The Death Diary: Writing Death Scenes

And Hope is Dumb,
The World says, "Go!"
The Grave says, "Come".
-ARTHUR GUITERMAN (Betel-Nuts)
I wrote about eternal truths in one of my articles. Probably I missed to point that every truth we face in our life is just an experience between two boundaries. Life and Death!
I would not mind to mention a lot about death but I have already produced my thoughts in few other articles related to it. This time I am bringing you a new approach to revival the summary of death. While going through our great literature, what I found was stunning face of death described by great authors and poets in history. The one – I already mentioned.
From the skull in Julius Caesar to the coffin in The Merchant of Venice to his famous speeches, death was a omnipresent subject. Tearing death pages with Shakespeare, play scene from Julius Caesar should be excellent beginning.
Cowards die many times before their deaths;
The valiant never taste death but once.
Of all the wonders that I have yet heard,
It seems to me most strange that men should fear,
Seeing that death, a necessary end,
Will come when it come.
Shakespeare drew the death nicely in his two plays (probably in most of others) ‘Measure for Measure’ and ‘Twelfth Night’. He wrote nicely about fear of death in ‘Measure for Measure’ saying –
"The weariest and most loathed worldly life
That age, ache, penury and imprisonment
Can lay on nature, is a paradise
To what we fear of death."
Another scene from the same drama. The mystery of death, and of the inevitably meaningless fate of the soul.

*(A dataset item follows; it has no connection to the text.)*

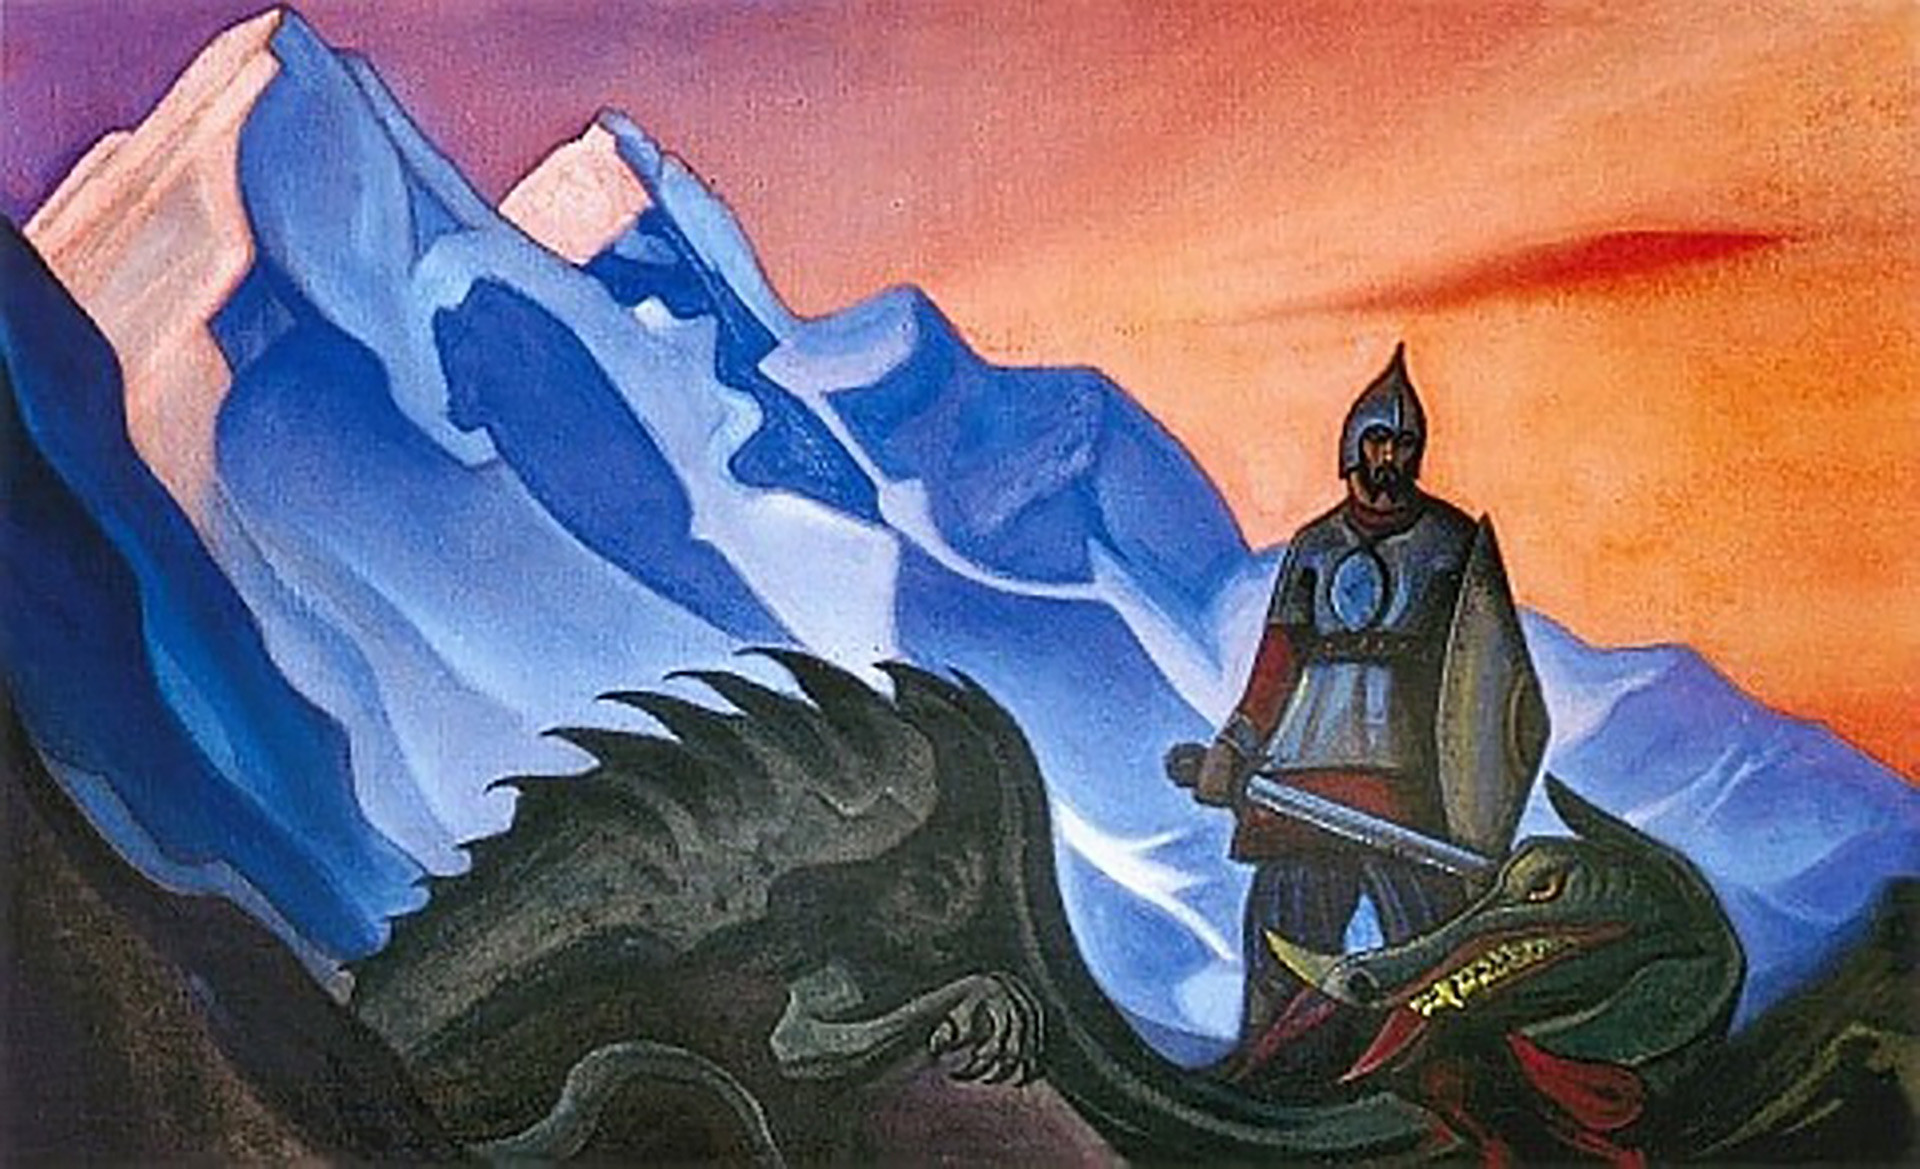 Nicholas Roerich. “A vitória”.

Ay, but to die and go we know not where;
To lie in cold obstruction and to rot;
This sensible warm motion to become
A kneaded clod; and the delighted spirit
To bathe in fiery floods or to reside
In thrilling regions of thick-ribbed ice;
To be imprisoned in the viewless winds,
And blown with restless violence round about
The pendant world.
In Twelfth Night he depicted death in very passionately different way.
"Come away, come away, death,
And in sad cypress let me be laid;
Fly away, flay away, breath:
I am stain by a fair cruel maid.
My shroud of white, stuck all with yew,
O, prepare it my part of death, no one so true
Did share it.
We run in a life from every minute thing. We are afraid of something. Although we experience every good and bad things of life, we are unaware of something that threatens us. Each morning breaks our sleep to again treating us victim over threatening powers. And finally when death comes to us, it takes us away from every threatening evil. Shakespeare described scene in play ‘Macbeth’ with amazing flavor of death.
After life’s fitful fever, he sleeps well.
Treason has done his worst: nor steel nor poison,
Malice domestic, foreign levy, nothing
Can touch him further.
I would have never come through to such pretty thought of mapping life and death that I did with Ecclesiastes. Time is above life and death. Time really controls them. Probably every action and loss is governed by time. Let’s drop some meaning from following narration.
For everything there is a season,
And a time for every matter under heaven:
A time to be born, and a time to die;
A time to plant, and a time to pluck up what is planted;
A time to kill, and a time to heal;
A time to break down, and a time to build up;
A time to weep, and a time to laugh;
A time to mourn, and a time to dance;
A time to throw away stones, and a time to gather stones together;
A time to embrace, And a time to refrain from embracing;
A time to seek, and a time to lose;
A time to keep, and a time to throw away;
A time to tear, and a time to sew;
A time to keep silence, and a time to speak;
A time to love, and a time to hate,
A time for war, and a time for peace
-Ecclesiastes 3:1-8
In following dialog, however, Henry Wadsworth Longfellow terminated his points to life.
I wish if I can dare to understand it further.
Tell me not, in mournful numbers,
Life is but an empty dream!
For the soul is dead that slumbers,
And things are not what they seem.
Life is real! Life is earnest!
And the grave is not its goal;
Dust thou art; to dust returnest,
Was not spoken of the soul.
There is no doubt having ending for every beginning. No one is there to live forever. At one stage of life, you find yourself loving death. You accept the truth. You are happy for what you did in your life. Immortality is subject to acceptance of death for new birth. Seattle said, "There is no death. Only a change of worlds". For every death we find new life. Is that immortality?
Death is a dialogue between
The spirit and the dust.
"Dissolve," says Death. The Spirit, "Sir,
I have another trust."
Because I could not stop for Death
He kindly stopped for me
The Carriage held but just ourselves;
And Immortality.
This entry continued...
- Emily Dickinson
It has always been unfair for writers to write death scenes. Death steels away a lot from a glorious man. We do not feel good even. We just continue reading the death scene. It holds us. No doubts you may start shivering or crying too. Anyway with death scenes, writer leaves a mark of an impression on readers.